My answer to the question of convergence or divergence is thus “both”. Since the mid-1990s and the advent of the single currency, the European Union and euro area have seen strong nominal convergence. The record of real convergence is chequered by comparison. Convergence of TFP and per capita GDP has varied with time, before and after the global financial crisis in particular. It has varied across countries, specifically in the contrast between Italy and its neighbours.

This contrast underscores the fact that the problem is not just a legacy of the global financial crisis. The failure of real convergence goes back further in history. It is fundamentally a crisis of institutions.

This does not mean that institutions have to converge across EU Member States for economic convergence to take place. It does mean, however, that the mismatch between the inheritance and the institutional imperatives of 21st century technology must be addressed. Different countries can address this problem in different ways. But if they fail to do so, real convergence will not take place.

* Text of remarks delivered to the Intereconomics/CEPS Conference “Economic Convergence or Divergence in the EU?”, Brussels, 9 October 2018.

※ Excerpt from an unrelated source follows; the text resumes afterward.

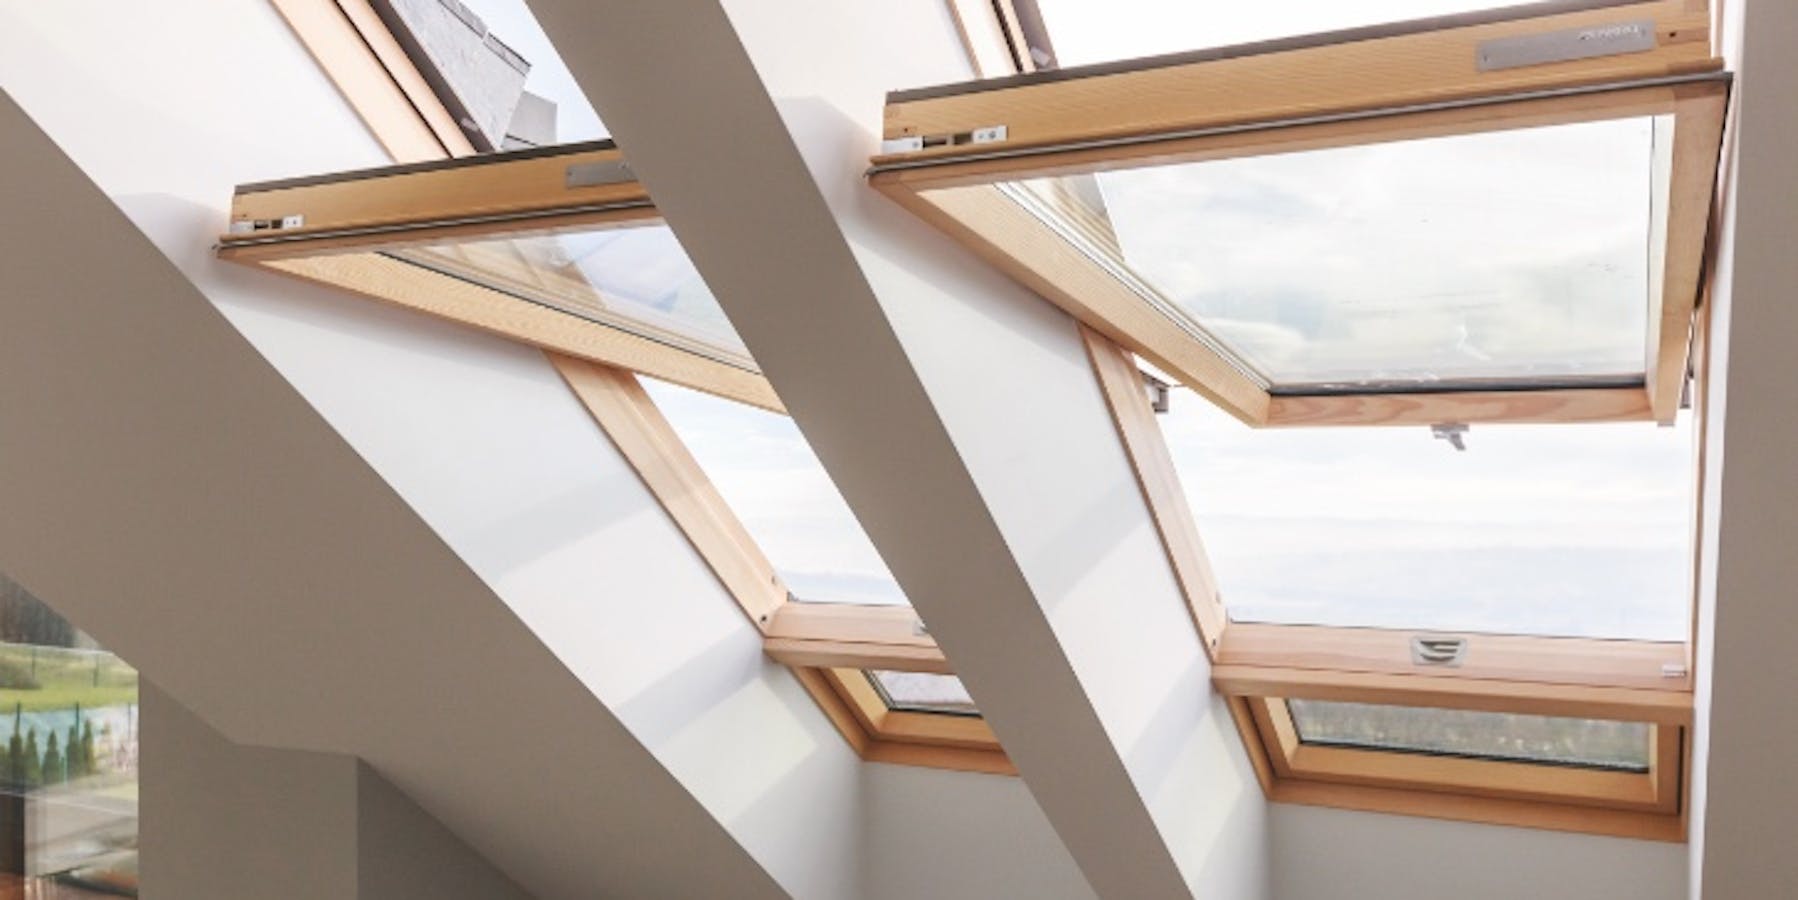 Das Schwingfenster bietet eine unkomplizierte Dachfensterlösung für jeden

  • 1 The relevant figures are available in a number of other contributions to this special issue, so I do not repeat them here. For an especially good summary and presentation of the evidence see J.R. Franks, B.B. Barkbu, R. Blavy, W. Oman, H. Schoelermann: Economic Convergence in the Euro Area: Coming Together or Drifting Apart?, IMF Working Paper No. 18/10, 2018.
  • 2 My focus is on Western Europe, the transition economies of Eastern Europe being a somewhat special case.
  • 3 If one considers instead all 19 members of the present-day euro area, there was strong convergence up to 2008, reflecting catch-up growth in the Central European and Baltic members and also strong if unsustainable growth in Southern Europe, fueled by capital inflows, which halted in 2008.
  • 4 O. Blanchard: Adjustment within the Euro: The Difficult Case of Portugal, in: Portuguese Economic Journal, Vol. 6, No. 1, 2007, pp. 1-21; R. Reis: The Portuguese Slump and Crash and the Euro Crisis, in: Brookings Papers on Economic Activity, Vol. 46, No. 1, 2013, pp. 143-193.
  • 5 S. Calligaris, M. Del Gatto, F. Hassan, G. Ottaviano, F. Schivardi: Poor Productivity: an Italian Perspective, in: CentrePiece, Vol. 23, No. 1, 2018, pp. 6-9.
  • 6 B. Eichengreen: The European Economy since 1945: Coordinated Capitalism and Beyond, Princeton 2008, Princeton University Press; B. Eichengreen: L’eredità del miracolo economico, Il Sole 24 Ore, 5 June 2018, available at https://www.ilsole24ore.com/art/notizie/2018-06-04/l-eredita-miracolo-economico-141913.shtml?uuid=AE62oYxE.
  • 7 Istituto per la Ricostruzione Industriale (Institute for Industrial Reconstruction).
  • 8 Ente Nazionale Idrocarburi (Italian energy company).